Sur le vif

Bagui, le frère d’Adama Traoré, a démarré une grève de la faim

Rédigé par | Lundi 6 Mars 2017 à 13:11



Le collectif La vérité pour Adama a annoncé, dimanche 5 mars sur Facebook, que Bagui Traoré a entamé une grève de la faim. Depuis la prison de Fleury-Merogis où il a été transféré jeudi 2 mars, le frère d’Adama Traoré, mort des suites d’une intervention de la gendarmerie en juillet dernier « réclame justice ».

En décembre 2016, il avait été condamné à huit mois de prison ferme pour outrages et violences à l’encontre de policiers municipaux et gendarmes à la suite d’un rassemblement en marge d’un conseil municipal à Beaumont-sur-Oise.
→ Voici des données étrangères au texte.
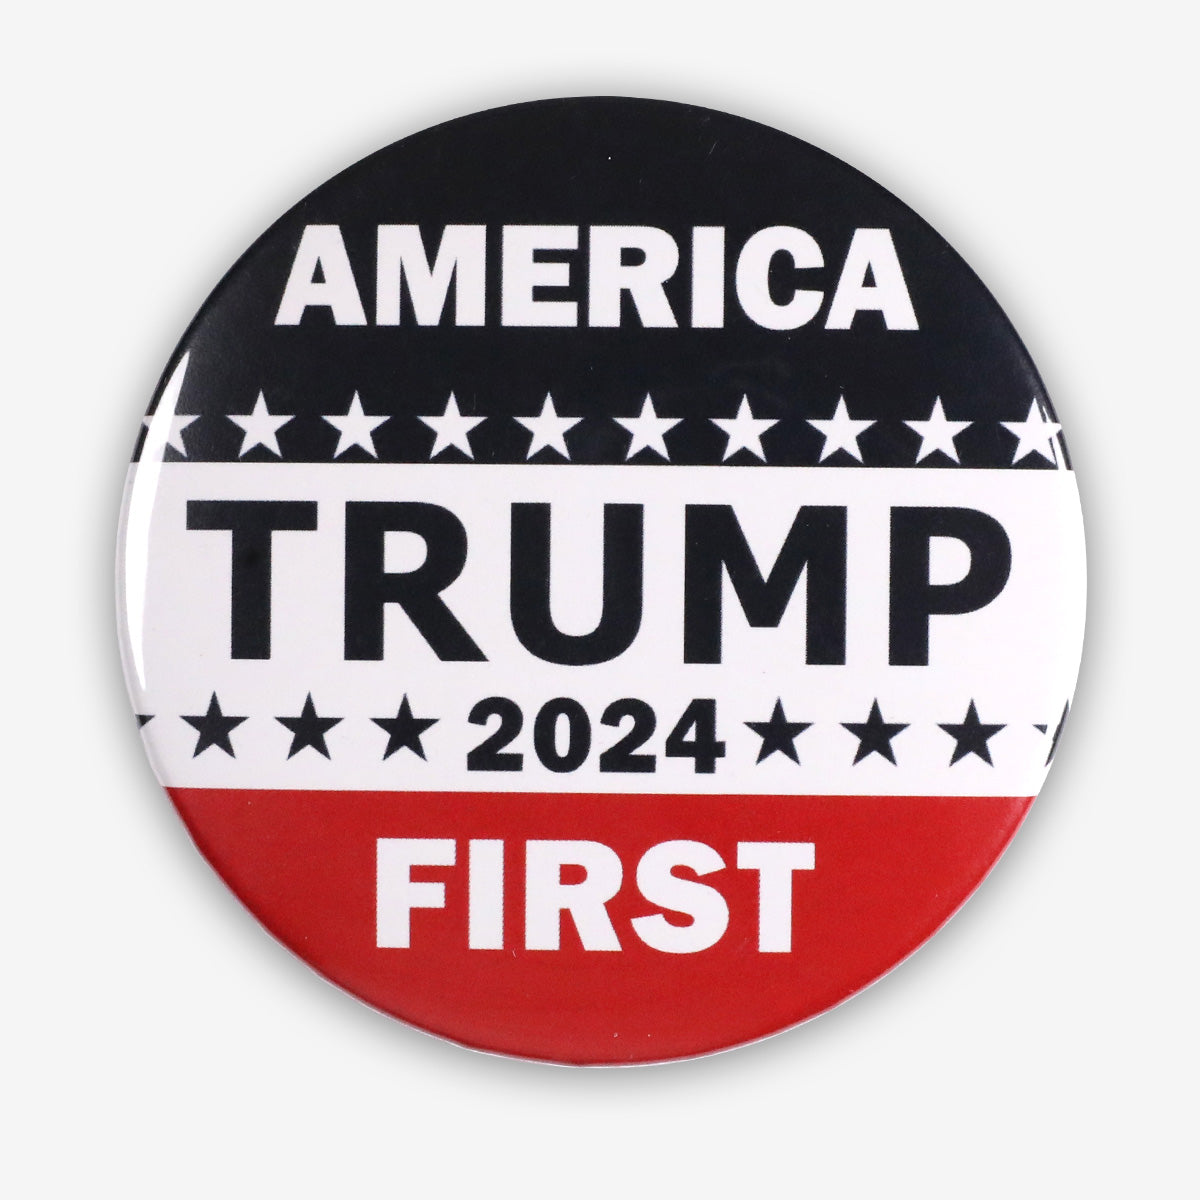 Trump 2024 Button - America First

La famille Traoré et ses soutiens voulaient protester contre la décision de la maire Valerie Groux, qui souhaitait poursuivre Assa Traoré pour diffamation au nom de la municipalité. La sœur d’Adama avait déclaré dans le Gros Journal de Canal+ que « la maire a choisi son camp : Elle se met du côté des gendarmes, c’est-à-dire du côté de la violence policière ».

Bagui Traoré déjà incarcéré dans la maison d’arrêt du Val d’Oise, avait été mis en examen, jeudi 2 mars, pour tentative d’assassinat par arme à feu sur des gendarmes et des policiers le jour de son arrestation. Quatre autres personnes, dont sa compagne, ont également été interpellées, mardi 28 février, et placées en garde à vue dans cette affaire, et trois armes longues saisies lors des perquisitions. Elles ont toutes été relâchées depuis.

« La compagne de Bagui Traoré a été interpellée, séparée de son enfant, puis entendue menottée et ce, contrairement à la loi et aux usages en la matière » a expliqué Yassine Bouzrou, avocat de la famille. Suspectant un acharnement de du tribunal de Pontoise, il demande par ailleurs à ce que les juges d’instructions soient déssaisis de l’affaire à l’instar du dépaysement à Paris, opéré dans le cadre de l’enquête sur la mort d’Adama Traoré.

Dans son communiqué, le collectif La verité pour Adama rappelle que « Bagui est le témoin principal de la mort de son frère, Adama, mort dans les locaux de la gendarmerie ». Il dénonce en outre l’acharnement et l’harcèlement contre la famille Traoré tandis que « pendant ce temps, les gendarmes mis en cause dans la mort d' Adama, n'ont toujours pas été entendus, n'ont toujours pas été mis en examen ».